Educational New Construction Honorable Mentions
Algonquin Centre for Construction Excellence
Submitted By: Diamond Schmitt Architects
Size: Diamond Schmitt Architects
Location: Ottawa, Ontario
The LEED Platinum certified Algonquin Centre for Construction Excellence (ACCE) is a hybrid facility combining construction trades and technical design programs under one roof. A public corridor puts the school’s activities on full view and offers exhibits on sustainable design and real-time monitoring of the building’s systems. Fifty-seven percent of the roof is planted using native and adapted landscaping with self-irrigating felts reducing stormwater runoff. A 66,000-gallon cistern connected to the roof drains captures rainwater for reuse resulting in a 56 percent reduction in potable water use.
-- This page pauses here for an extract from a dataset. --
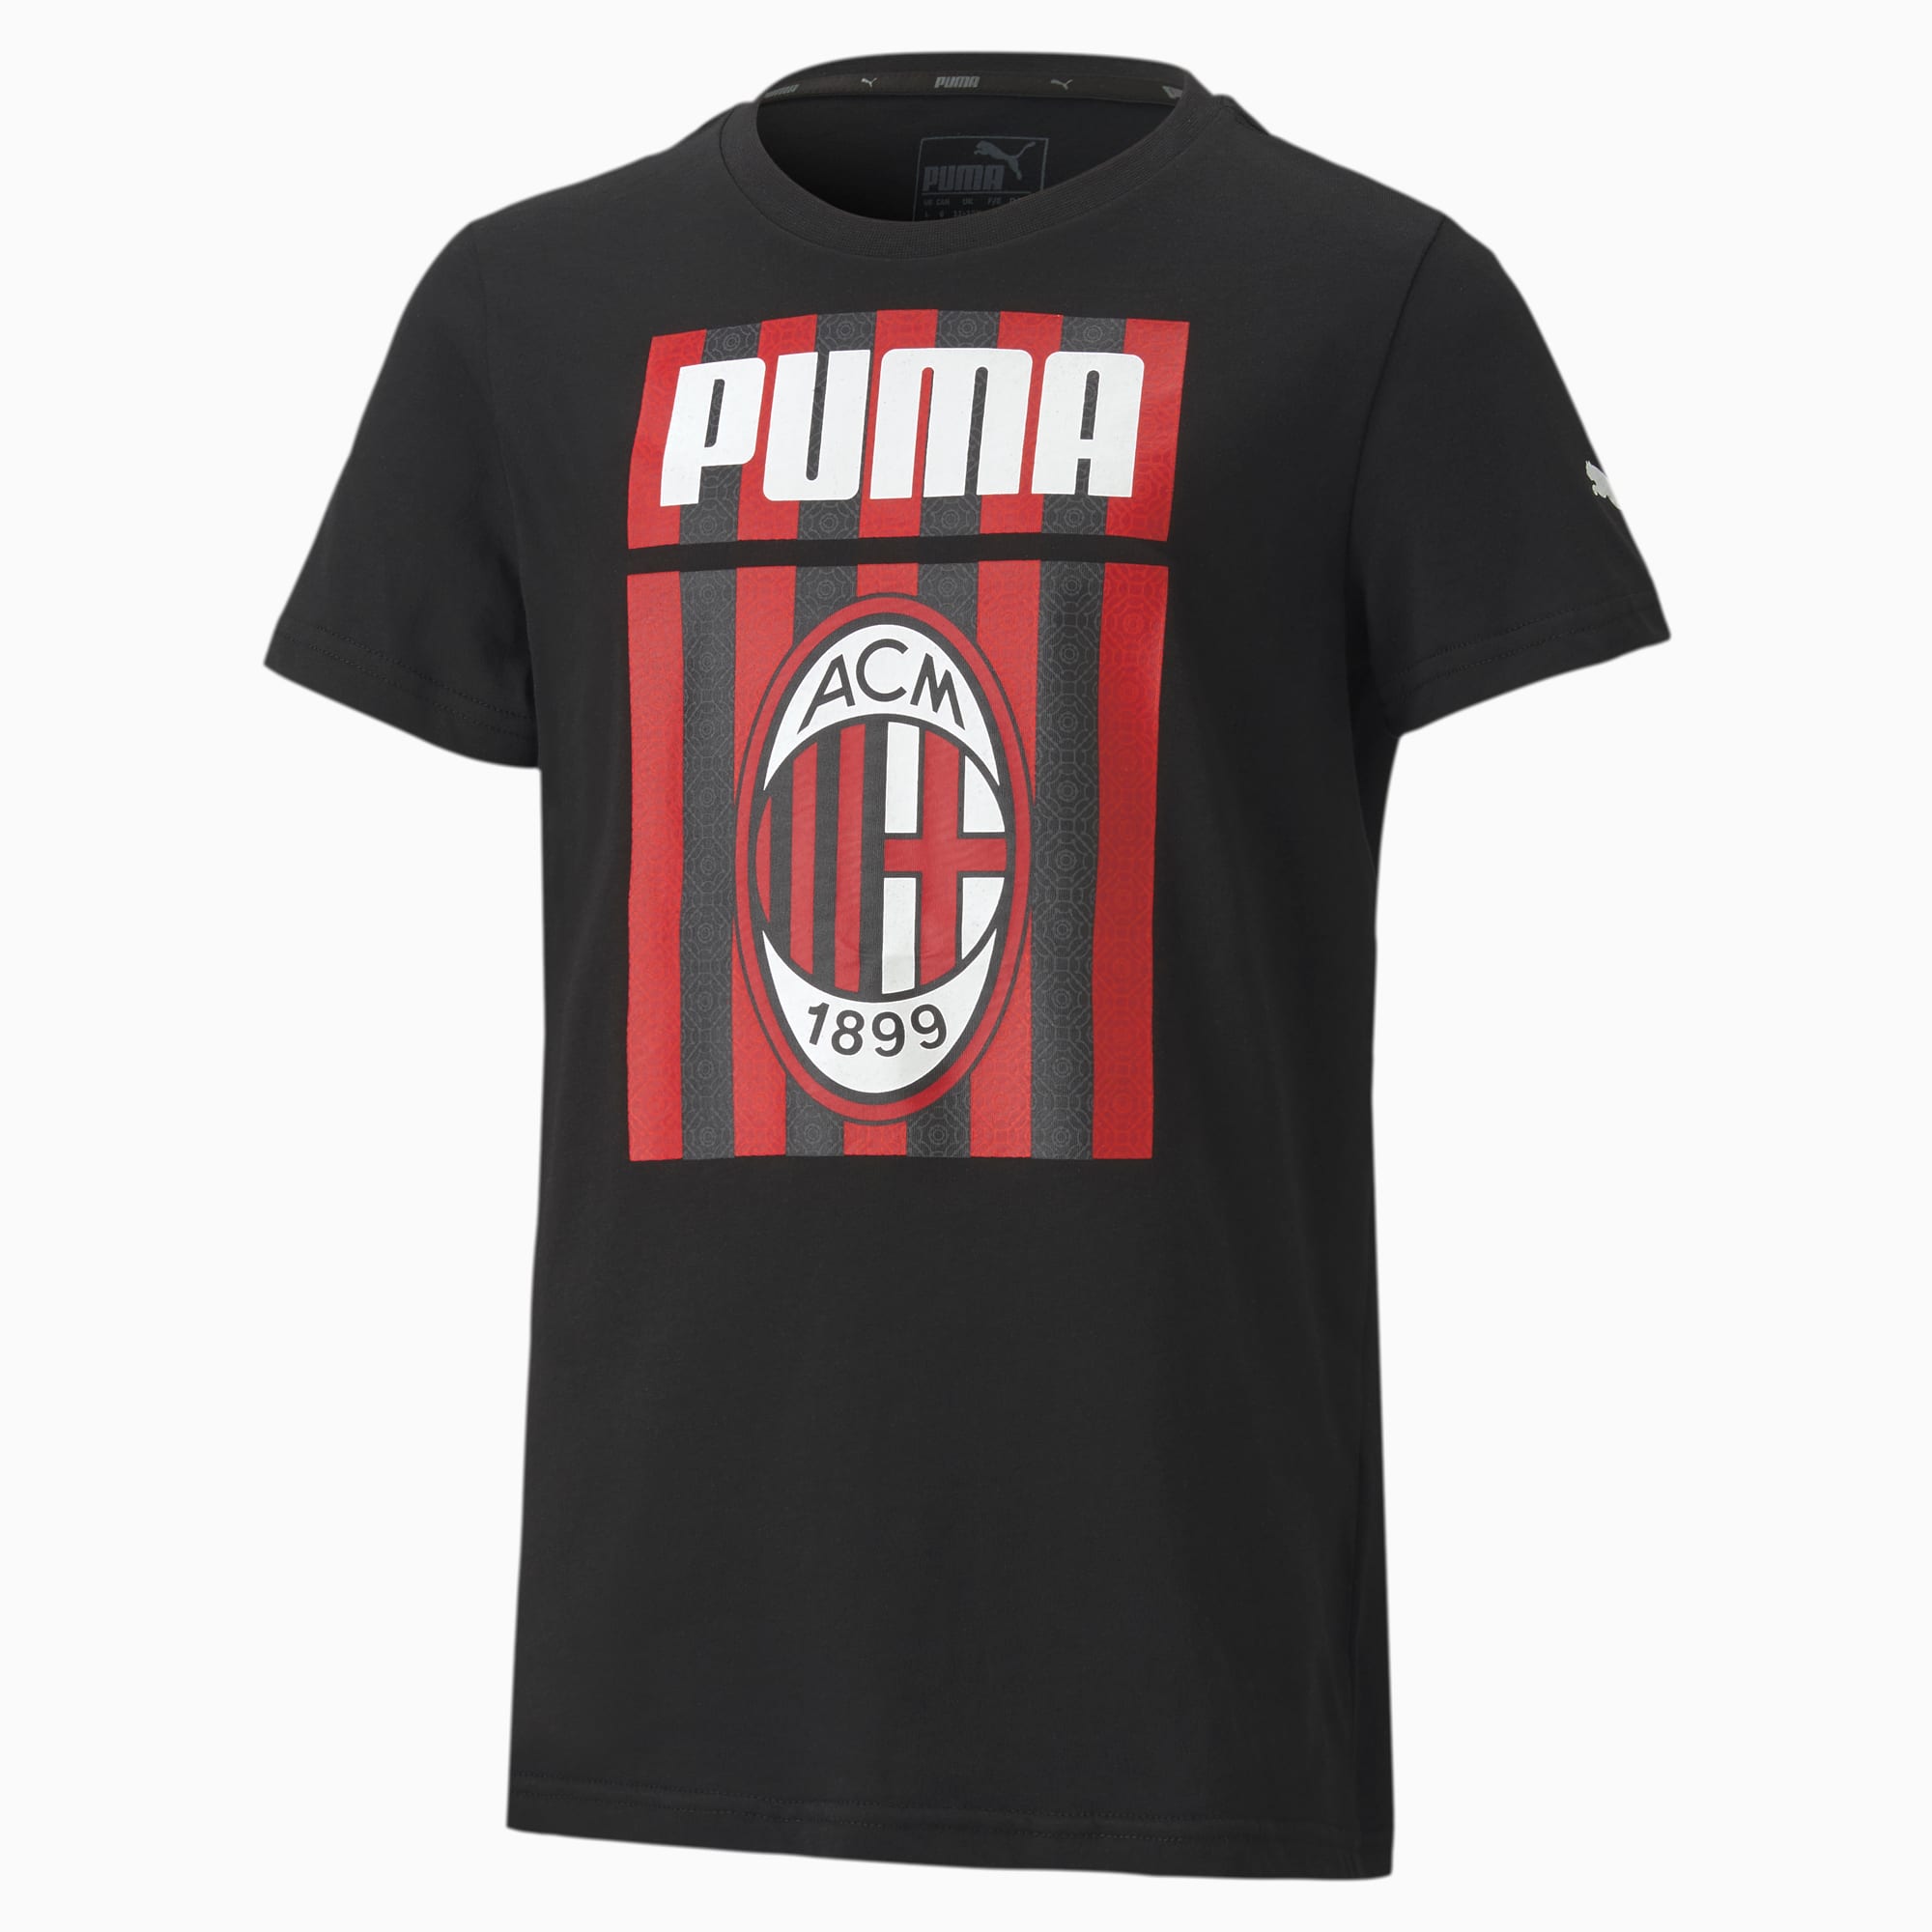 Image of PUMA AC Milan ftblCore Graphic Youth Fußball T-Shirt Für Kinder | Mit Aucun | Schwarz/Rot | Größe: 152

Windows are placed to optimize daylight and energy with minimal glazing to control envelope losses. Other energy reduction strategies include a hydronic heat pump system, a decoupled ventilation system, radiant heating, solar thermal energy and more. These strategies result in 71 percent less energy use in operation as compared to the Model National Energy Code for Buildings. Each element was designed to enrich student experience and enhance bio-diversity throughout the center.
Photo by Tom Arban
North Education Center
Submitted By: DIRTT Environmental Solutions
Size: 157, 521 square feet
Location: New Hope, Minn.
North Education Center (NEC) is proof green buildings can excel environmentally and socially without costing more. Using 63 percent less energy than a building built to code, the total price for the three-story structure was $181 per square foot. NEC’s programming offers specialized education services for learners: gifted and talented, special education, alternative education, career training and staff and curriculum development. Ninety percent of the former building was recycled and used in the construction of the new building. Sustainable design features include sunshade devices to minimize direct sunlight and maximize daylight; a white membrane roofing material to minimize the heat island effect; special glazing on the upper section of the windows to disperse sunlight and minimize glare; light sensors and controls that dim lights as natural light levels rise. Low VOC and easy-to-maintain materials support student health, as well as a green cleaning program including a no-detergent ionized water system. Flexibility was a key consideration in the building design as the student needs can vary requiring changes in room size and configuration, resulting in the addition of an agile wall system for classrooms and support spaces. Casework and wall-mounted furniture systems are modular and can be reconfigured right along with the other systems. NEC reinvents education for students with challenges and is designed to support the behavior and learning of all students and provide a positive work environment for staff.